However, these frequencies do not correspond to the true content of the signal of the star. For example, when phased with the 0.365 day−1 frequency, individual light curves appear one after another, with no common phase interval. As explained above, some individual runs exhibit shallow trends. The time spanned by these runs combined with their scarcity over the covered decade has an unfortunate consequence: the Fourier transform is always able to find a few frequencies that are combining the various trends in a very constructive way. However the plethoric presence of gaps in the time series and the concomitant large number of degrees of freedom is responsible for the positive combination more than the possible coherency of the signal. As a test, we detrended the individual runs with a linear function before merging them. We computed the periodogram for the new time series. All the previously reported candidate frequencies disappear from the list of frequencies. The dominant one, for the 200 s binning, is ν4 = 1.42 day−1 (P = 0.70 day, a = 0.054 counts s−1) which corresponds to a peak whose significance level is around 0.001. If we detrend the X-ray light curves over the individual runs with a second degree polynomial, we obtain a time series that exhibits no outstanding peak and is thus in perfect agreement with the white noise hypothesis. Therefore, although the white noise hypothesis is rejected, the alternative hypothesis to adopt remains unclear. The star exhibits weak although significant variations at a time scale between 0.7 days and several days but the sampling does not allow us to conclude the existence of a coherent, fully deterministic signal above Poisson noise. The signal could be dominantly stochastic with some coherency at short timescale (some kind of red noise8). It is also possible that these changes are transient: they would then not appear as a strictly periodic signal in the global light curve. Another possibility is that any signal could be not strictly stationary, in phase or frequency, from one observing run to the next, as often seen for changes of the optical spectra in Oef stars (Rauw et al. 2003; it must be recalled that our target, ζ Puppis, belongs to this spectral type category!).

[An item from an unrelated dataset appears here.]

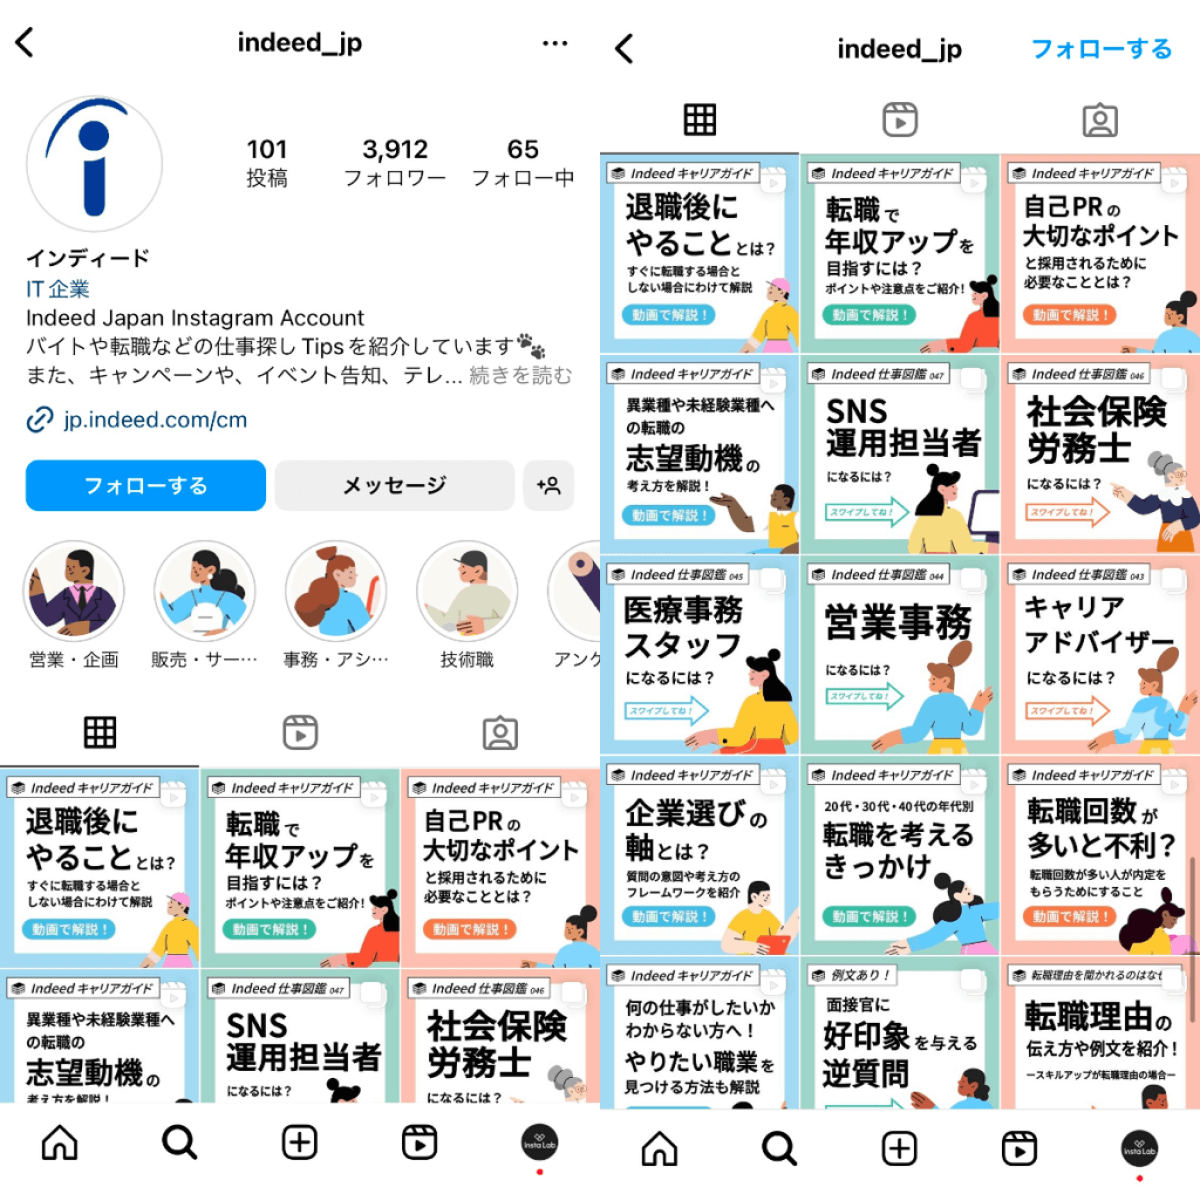 instagram-account-indeed-jp
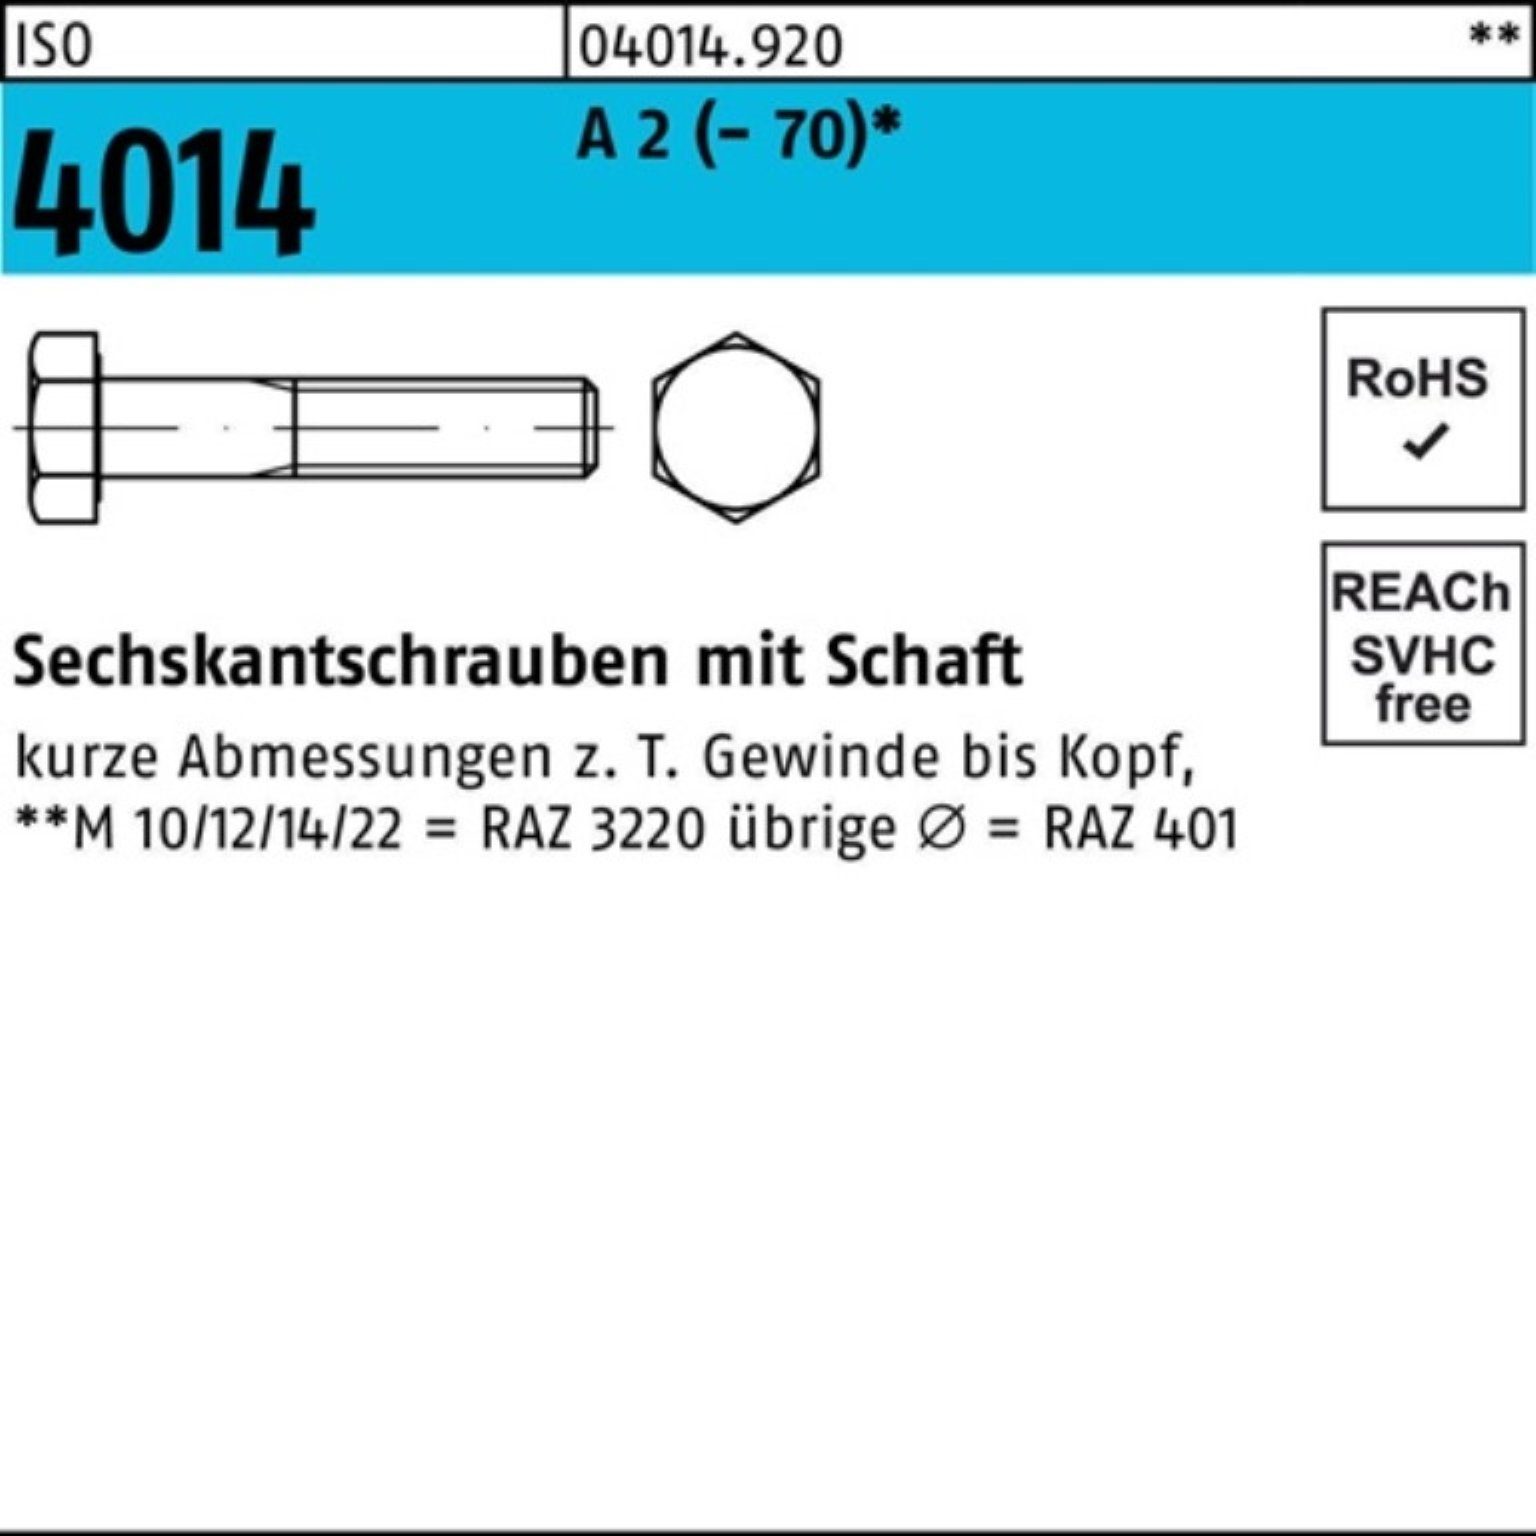 Bufab Sechskantschraube 100er Pack Sechskantschraube ISO 4014 Schaft M20x 120 A 2 (70) 1 St

In summary, it is certain that ζ Puppis displays variations with relative amplitudes up to 10%–15% on the timescales of days—not hours (i.e., there is no trace of the signal attributed to non-radial pulsations; see Reid & Howarth 1996). However, our data set suffers from the misfit between the possible frequencies and the actual sampling. Therefore, despite its exceptional quality, it is still insufficient to detect confidently evidence for the presence of a coherent signal with daily timescales. A modulation of the X-ray flux with such daily timescale was reported for the O-type dwarf ζ Oph, and potentially associated with the corotating interacting features found through UV observations (Oskinova et al. 2001a). ζ Puppis shows a 5 day modulation also attributed to corotating regions (Moffat & Michaud 1981). New, continuous X-ray observations of ζ Puppis would be required to better characterize the timescale of the detected variability, and to establish whether these variations can be associated with such features.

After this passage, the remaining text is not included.